In 1997, when the federal government passed the Balanced Budget Act which lowered hospital payments, hospitals effectively shifted costs to private payers.  

Will this pattern repeat in 2011 and beyond?  I don't think so.

In most businesses, when one purchaser strikes an exceptionally good deal, prices are eventually suppressed for all purchasers. When Wal*Mart lowers its acquisition cost for duct tape, sooner or later all duct tape manufacturers figure out how to wring efficiencies out of their production.  They often move production to places with lower labor costs, and they retool their factories to remove unnecessary steps and friction.  Manufacturers who maintain their pre-Wal*Mart resource requirements fail, and eventually prices come down for all purchasers.

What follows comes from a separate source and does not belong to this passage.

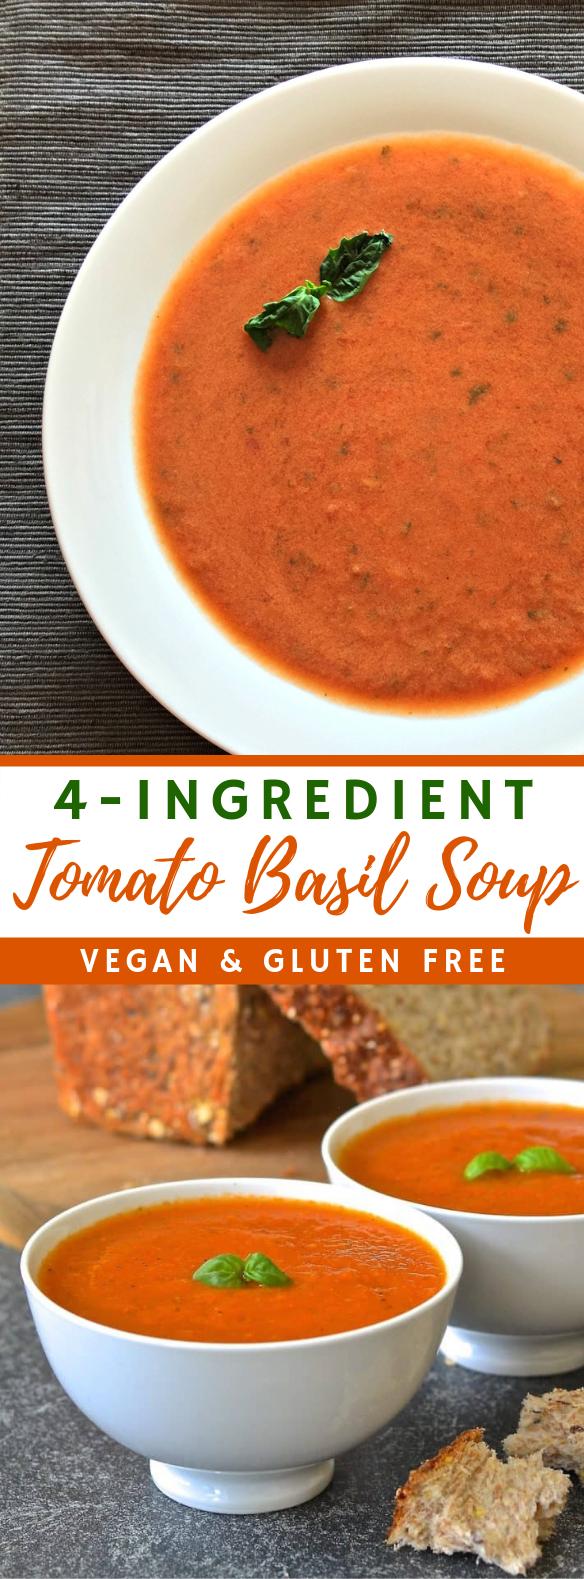 Easy Tomato Basil Soup #vegetarian #simplerecipe

Health care, of course, is different. We can’t send hospitals to developing countries (there’s a little bit of medical tourism, but not much), and many of us regard health care as a necessity and a social good, and not a mere consumer product.  The purchaser of duct tape doesn’t care so much about what the factory looks like, while the consumer of health care (the patient) is right in the middle of the exam or operating room, and cares a lot about the conditions there.   So, health care delivery is not like manufacturing duct tape.

But employers are not willing to pay continually higher prices for health care they purchase.  The demand for lower costs per unit from newly enlarged public payers won't possibly be fully funded by increases in the prices to employer-sponsored health plans. 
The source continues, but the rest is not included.